Re Lear

I have this dream, sometimes, where Verdi lived to set King Lear to music. It’s one of those lingering dreams: I wake up with snatches of song in my head, little swells and descants that haunt me till they wear thin.

You can read the libretto, what there was of it. It was well on its way, fairly polished. You can read Verdi’s correspondence with the librettist. You can imagine—you can invent a scenario, how it might’ve gone. The lines are right there, and you can’t help but fill in what Verdi might’ve done with them. But you can’t know. You can’t listen. You can try to sing along, but that always falls apart. You’re not Verdi. You can’t be Verdi.

It would’ve been magnificent, though. He’d have been bold with it: he was old, and he was always ahead of his time. He’d reinvented himself several times, already. In his eighties, he’d have risen one more time—

There’d have been an incomplete melody, I think. A phrase that never quite resolved itself. Like in Macbeth, with Una macchia è qui tuttora, where Lady Macbeth fumbles for the tune and for her reason, never arriving at either. Only this time, it would’ve been more of an extended metaphor, sort of thing: we’d have heard it first in the overture, a little scrap of light hovering over some sighing dirge. It would’ve come again when Lear asks Cordelia, non hai tu cosa a dirmi? Throughout the rising action, we’d have heard it, more lost and more frantic with each iteration, and the resolution—that would’ve come near the end, with Cordelia’s death: è troppo tardi; è morta—ah, tu, tu almeno pietosa or t’apri, o terra…. Right there.
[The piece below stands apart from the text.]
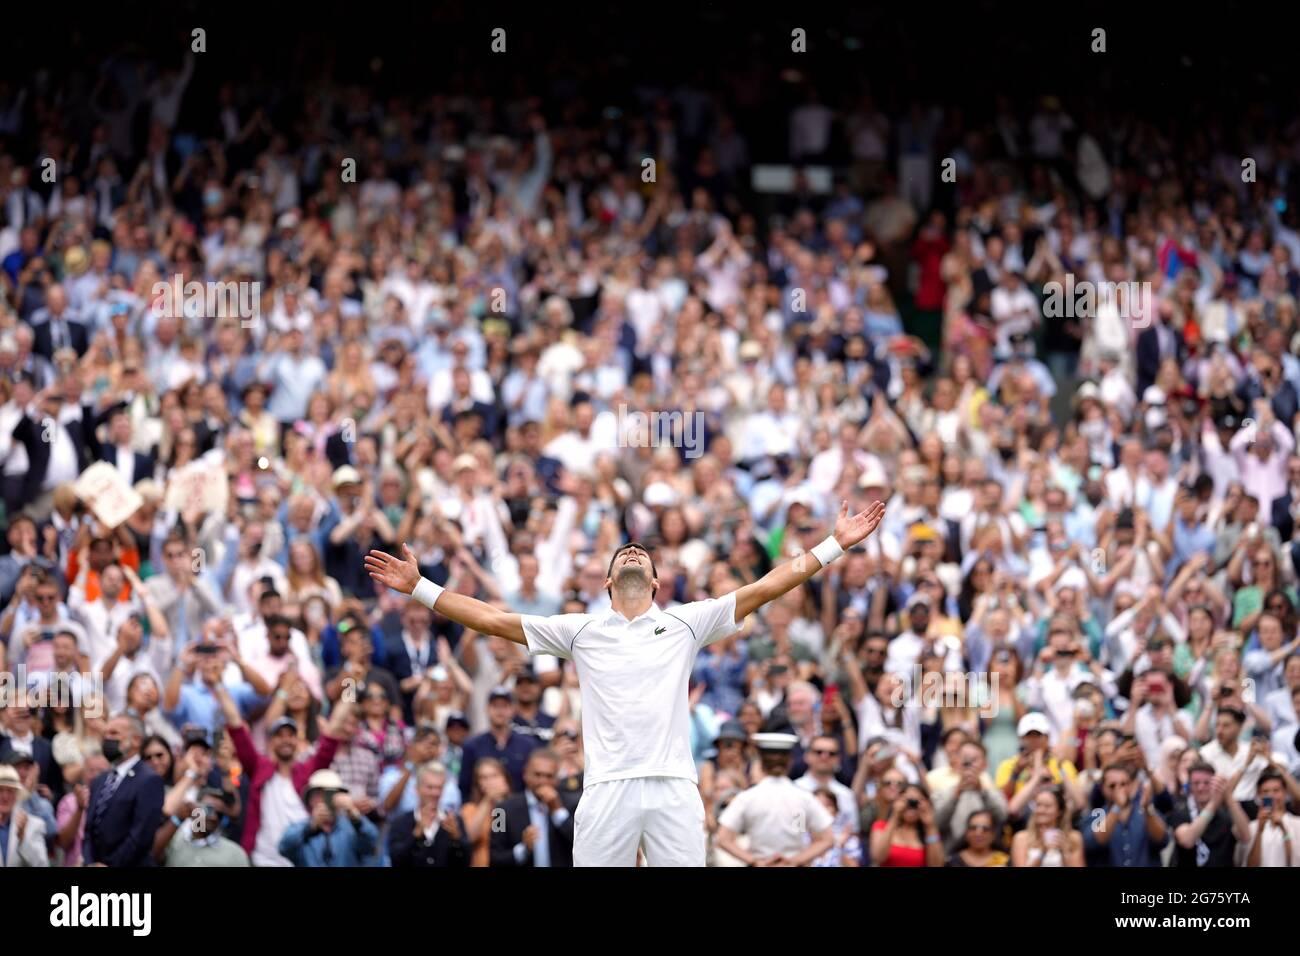 Novak Djokovic festeggia la vittoria della finale di Gentlemen's Singles contro Matteo Berrettini il tredici° giorno di Wimbledon all'All England Lawn Tennis and Croquet Club di Wimbledon. Data immagine: Domenica 11 luglio 2021. Foto Stock
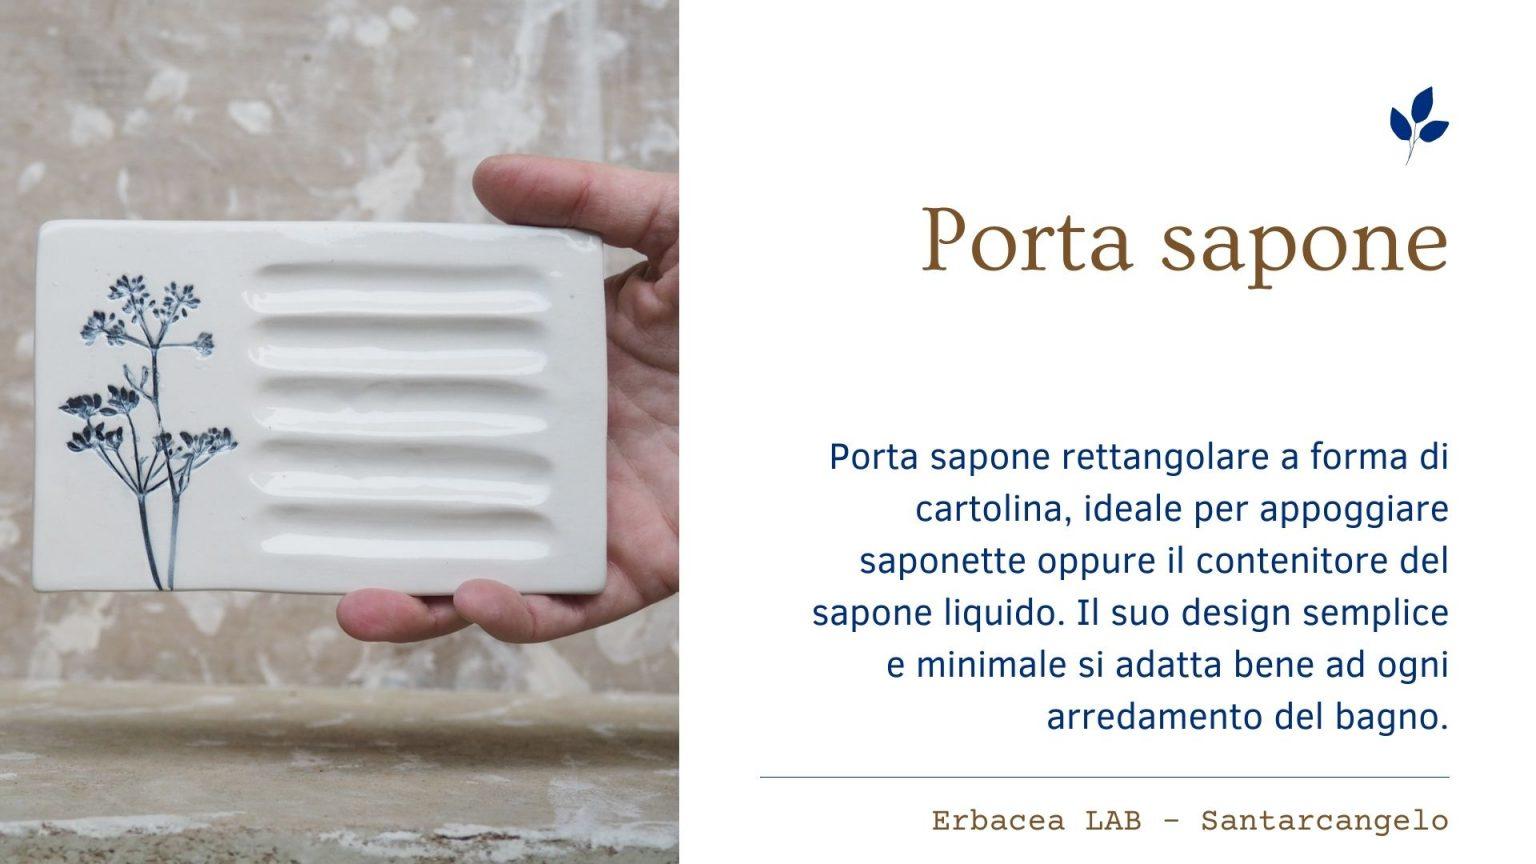 Bomboniere in Ceramica - porta sapone

Lear would’ve cradled his daughter’s body as the orchestra carried the melody to a dissonant finish. We’d have heard joy expire, and hope, and the will to live. I mean, maybe. That’s what I’d have done. I like a bit of melodrama.

This, incidentally, is doing nothing to relieve my frustration. I’d hoped, if I wrote down what I wanted, I might get some sort of satisfaction. But I’ve hardly started, and I’ve got that feeling where…man, you know when your favourite TV show ends on a cliffhanger, and you have all these theories, then you hear it’s been cancelled? That feeling. I’ve got that. Fucking hell. Damn it, Verdi.

If I could go back in time, I’d write him a better libretto—one he wouldn’t be able to resist. I’d write him such a libretto. Then, I’d come back to the present and listen to, like, Nicolaï Ghiaurov or Samuel Ramey sing my words set to Verdi’s music, on my iPod, with those brilliant headphones Mother got for my birthday, a few years back. It would be great.

(Except, maybe I wouldn’t be able to listen to our magnum opus in my present. Maybe by going back in time, I’d be creating a parallel timeline where Verdi finished Re Lear, but I wouldn’t be able to enter that timeline except by staying there the whole time, so I’d have to choose between living in the 1800s forever or never hearing my masterpiece. Maybe I could stay long enough to hear it once—but then, I’d spend the rest of my life pining for it. Tu mi condanni a vivere e m’abbandoni intanto!)

Man, time travel sucks. Verdi sucks. I’m going to listen to Macbeth.